:: GOAL OF THE EXERCISE ::
Reproduce the lines below verbatim. Pictures are to be omitted.

[Extracted data entries]
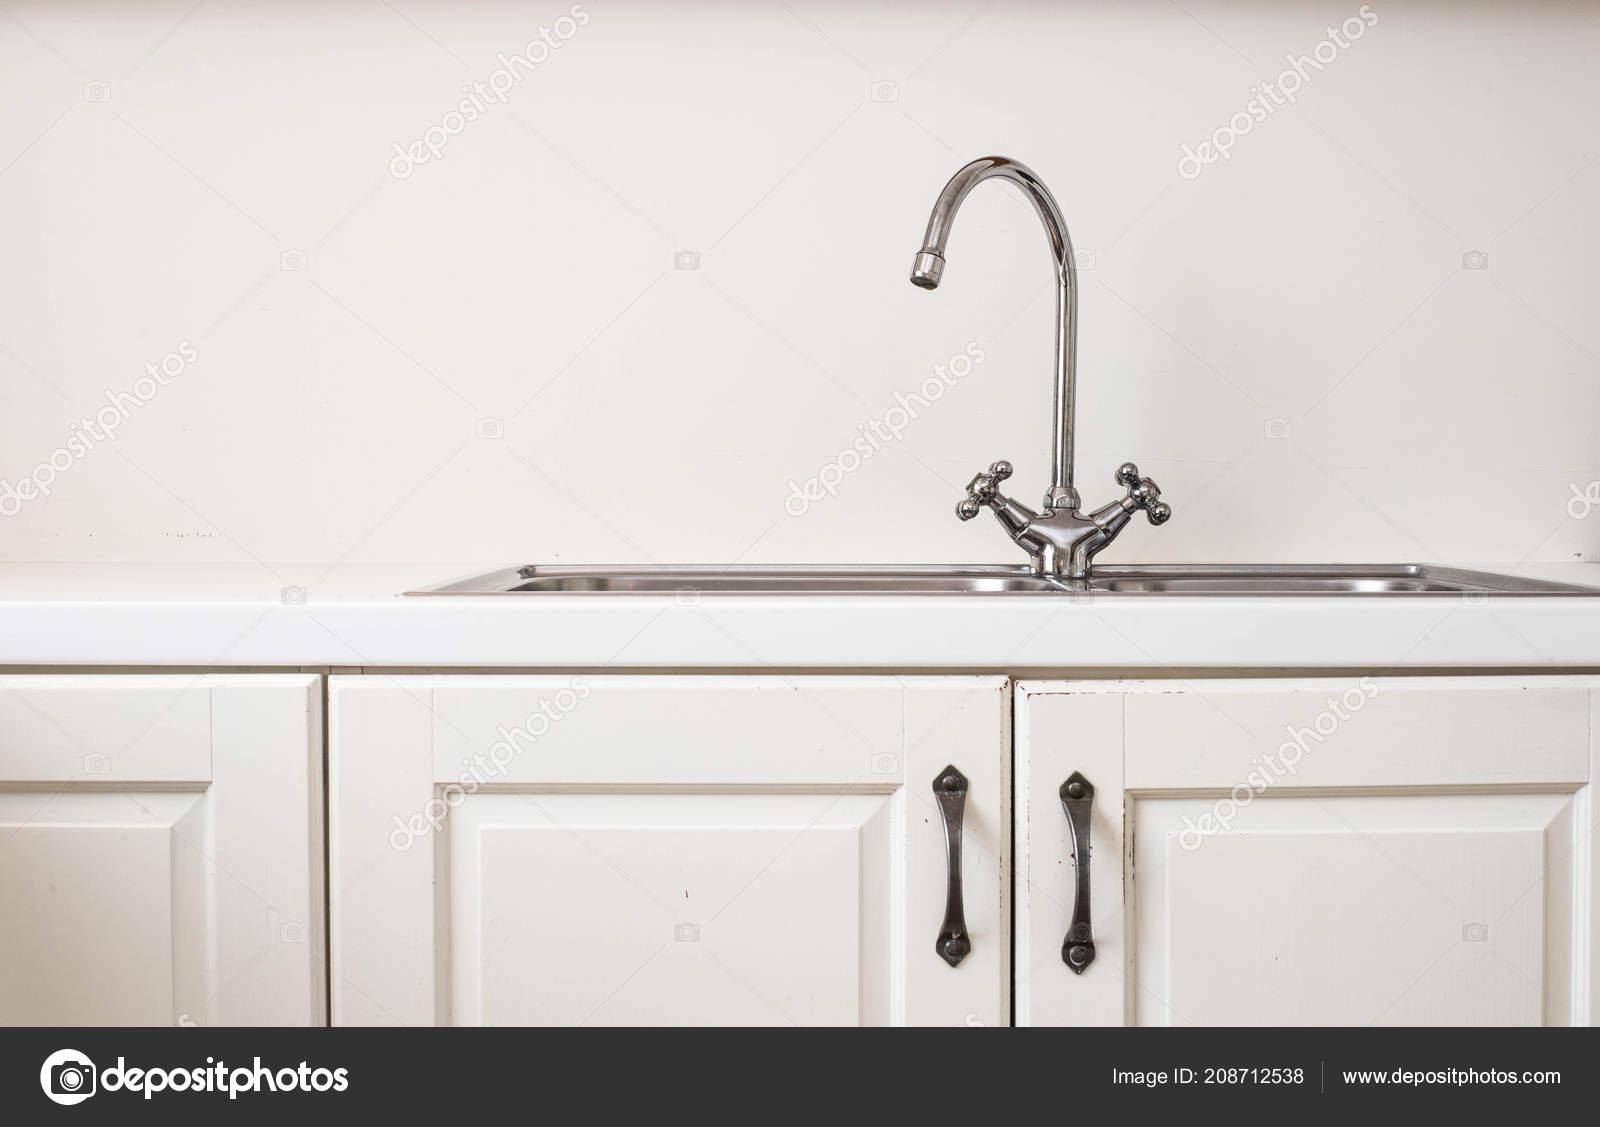 Retro Design Keuken : Moderne witte keuken met houten accenten en ijzer wastafel close
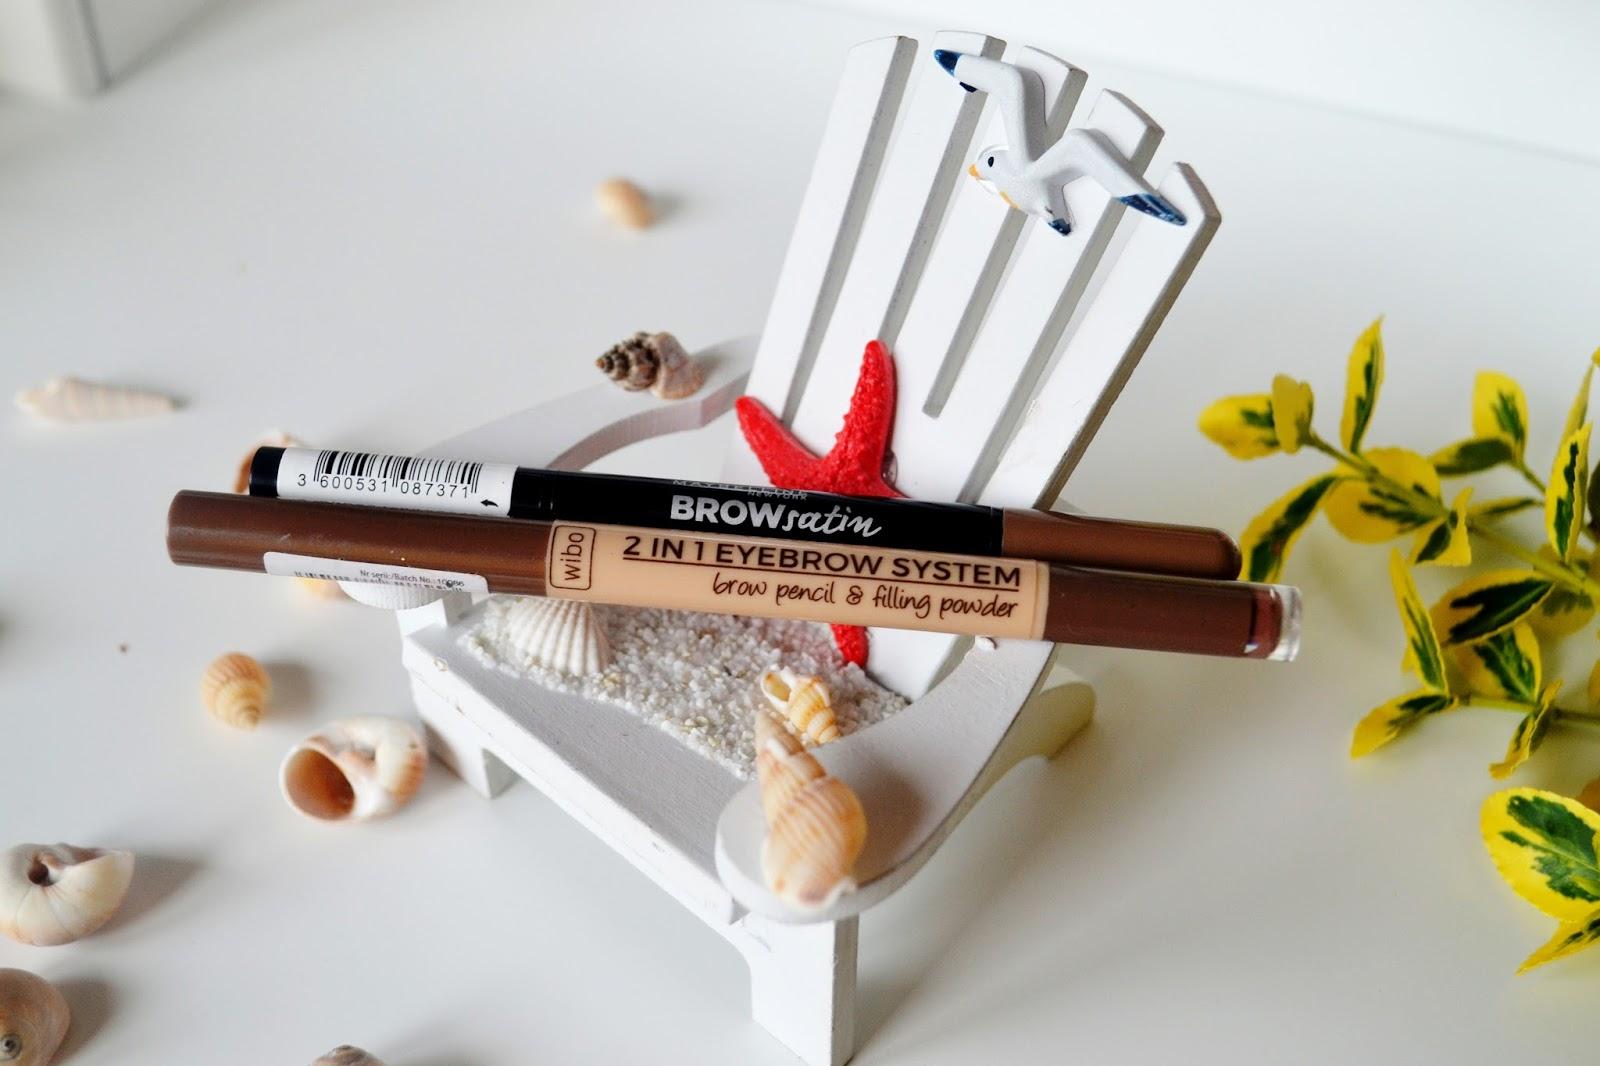 Maybelline BROW SATIN dark blonde & Wibo 2w1 eyebrow system - porównanie drogeryjnych kredek do brwi, zawierających gąbeczkę z cieniem
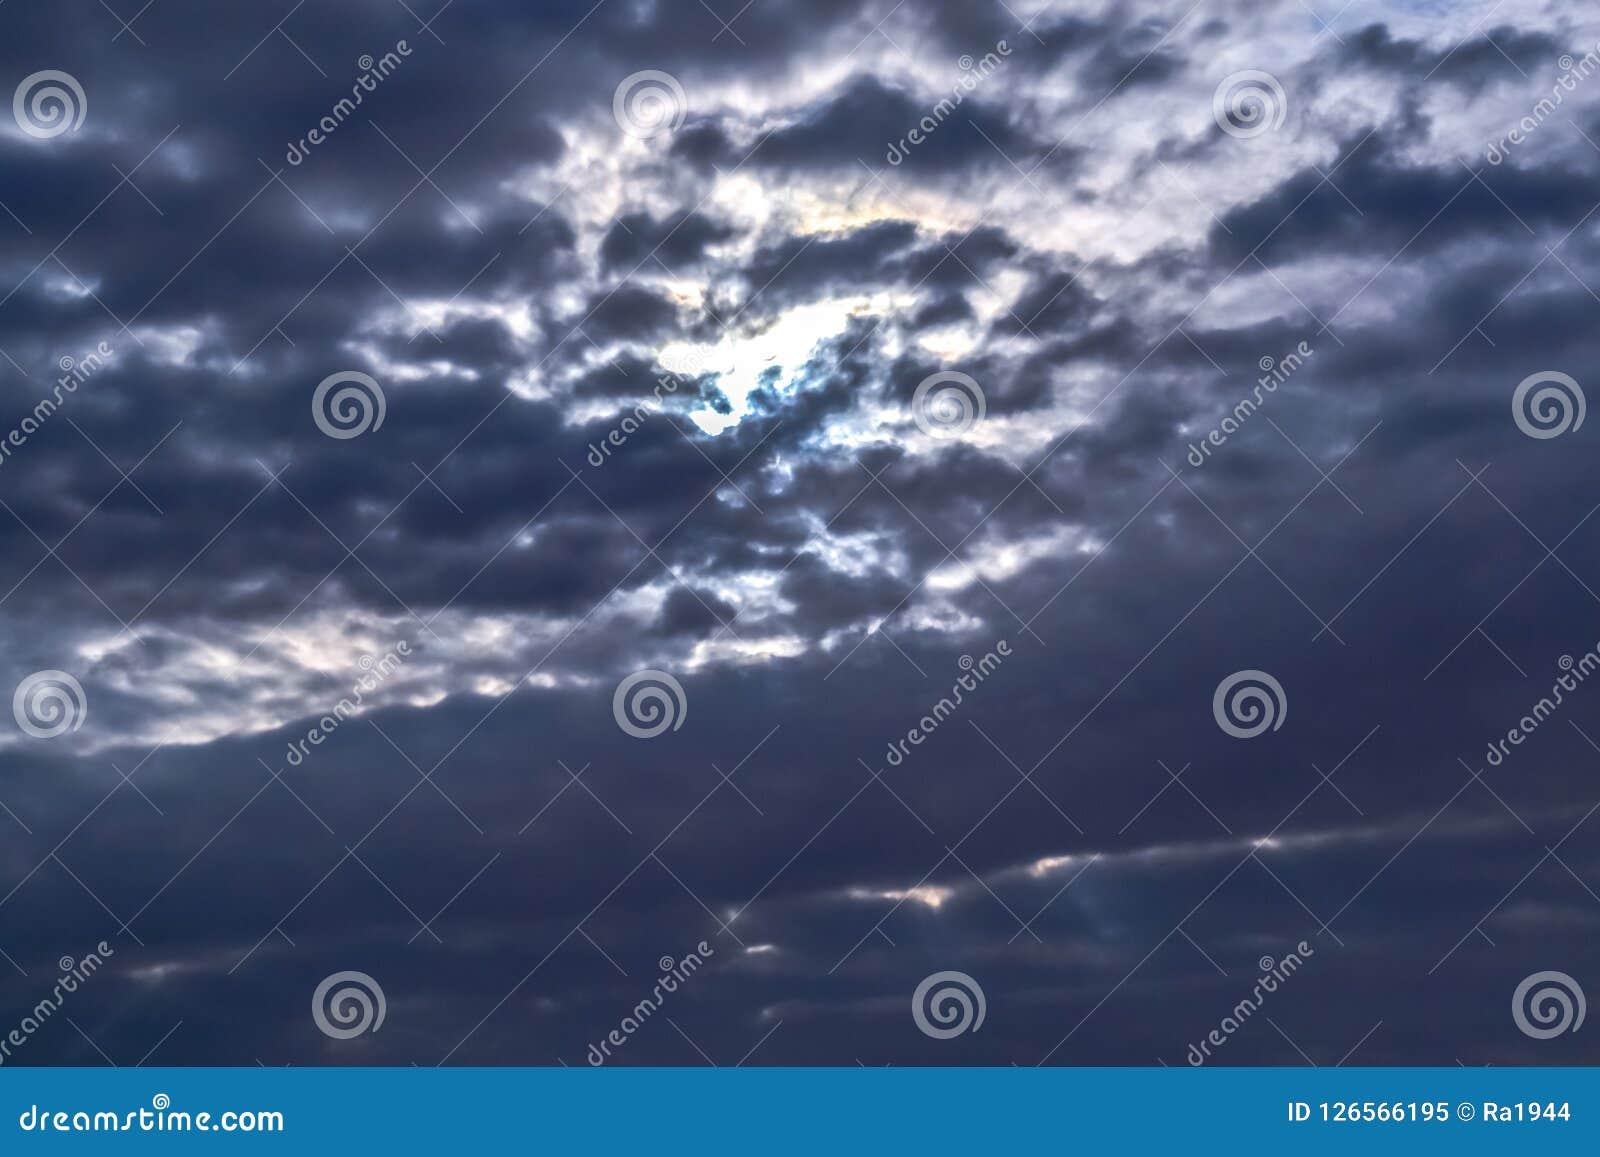 黑暗的暴风云有背景,在雷暴前的黑暗的云彩
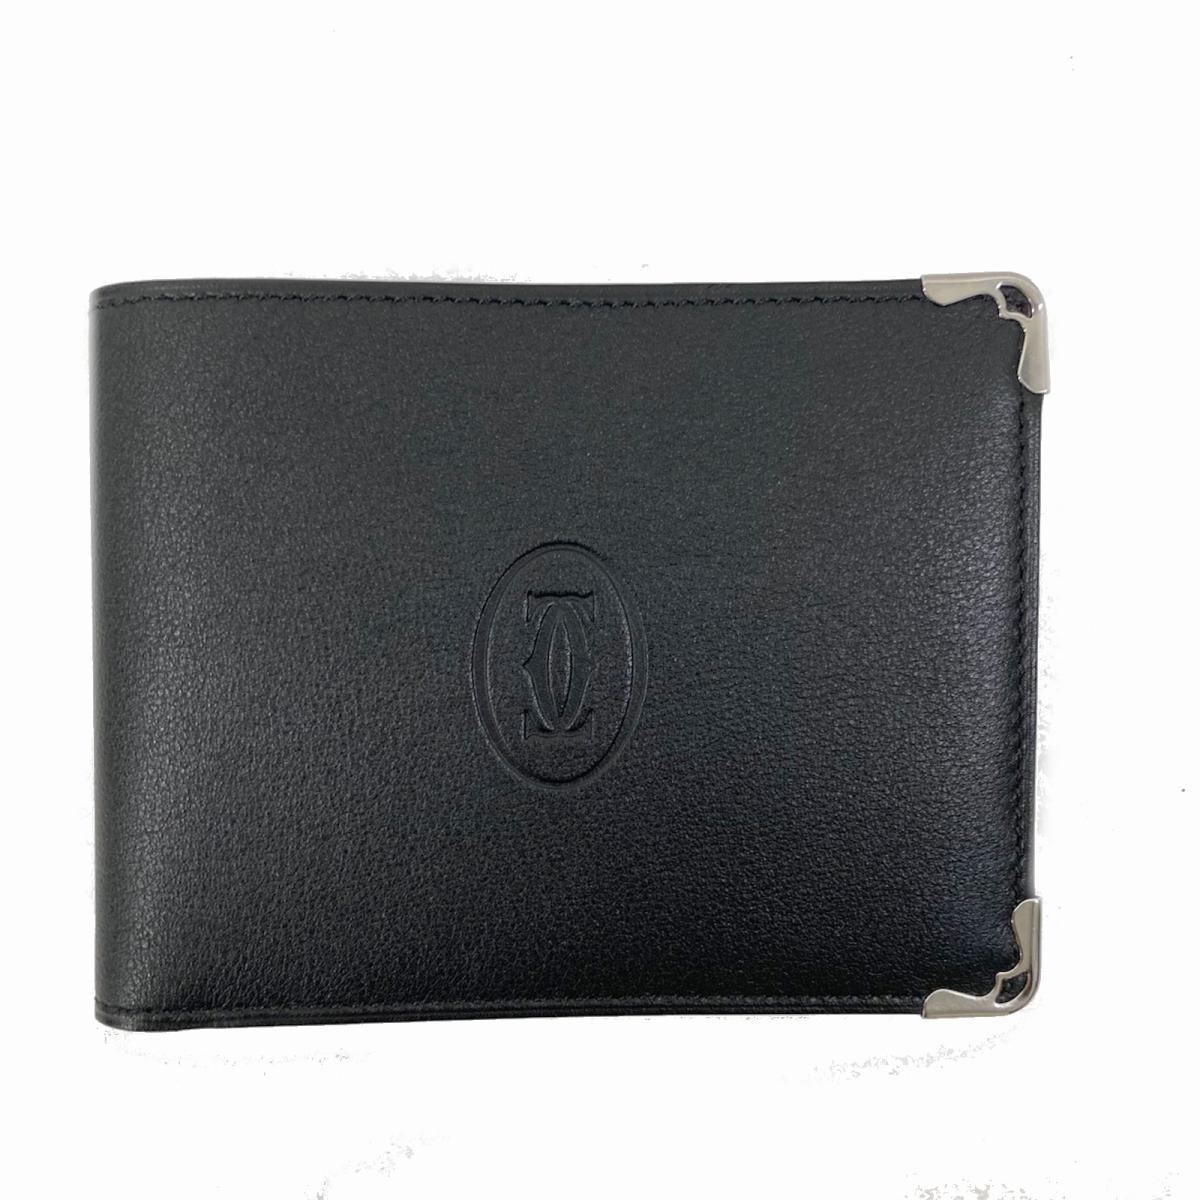 【中古】 カルティエ 二つ折札入れ 財布 メンズ レディース レザー ブラック | Cartier BRANDOFF ブランドオフ ブランド ブランド財布 メンズ財布 サイフ
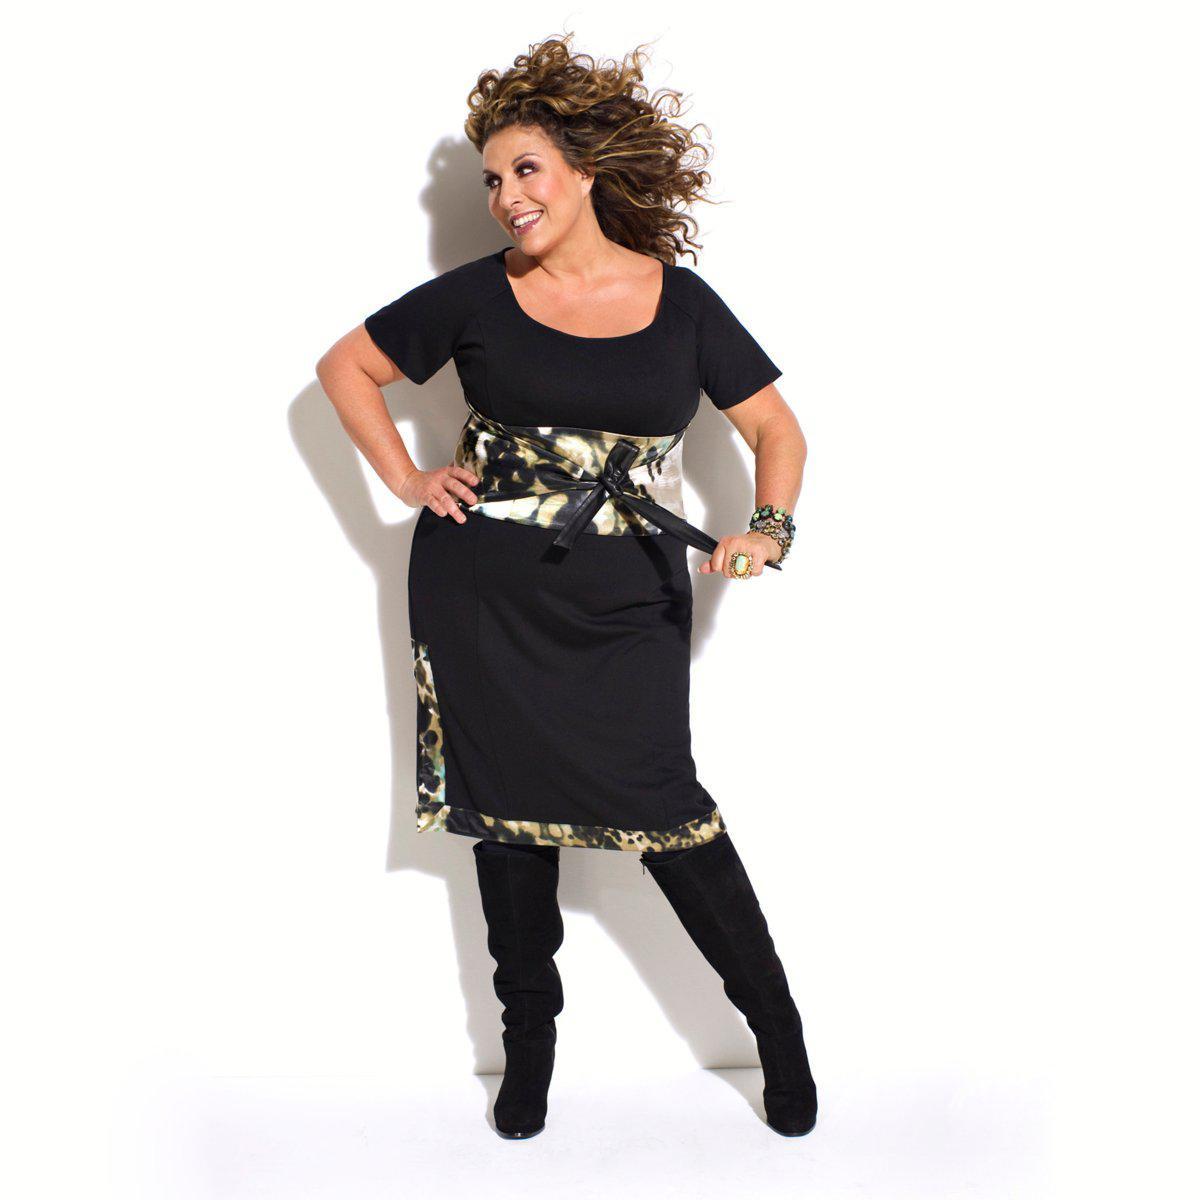 2500afde1546 Βραδυνα Φορεματα Plus Size Φθινόπωρο Χειμώνας 2011 κωδ. 324228165

:: RESULT OF THE TASK ::
 Retro Design Keuken : Moderne witte keuken met houten accenten en ijzer wastafel close
 Maybelline BROW SATIN dark blonde & Wibo 2w1 eyebrow system - porównanie drogeryjnych kredek do brwi, zawierających gąbeczkę z cieniem
 黑暗的暴风云有背景,在雷暴前的黑暗的云彩
 【中古】 カルティエ 二つ折札入れ 財布 メンズ レディース レザー ブラック | Cartier BRANDOFF ブランドオフ ブランド ブランド財布 メンズ財布 サイフ
 2500afde1546 Βραδυνα Φορεματα Plus Size Φθινόπωρο Χειμώνας 2011 κωδ. 324228165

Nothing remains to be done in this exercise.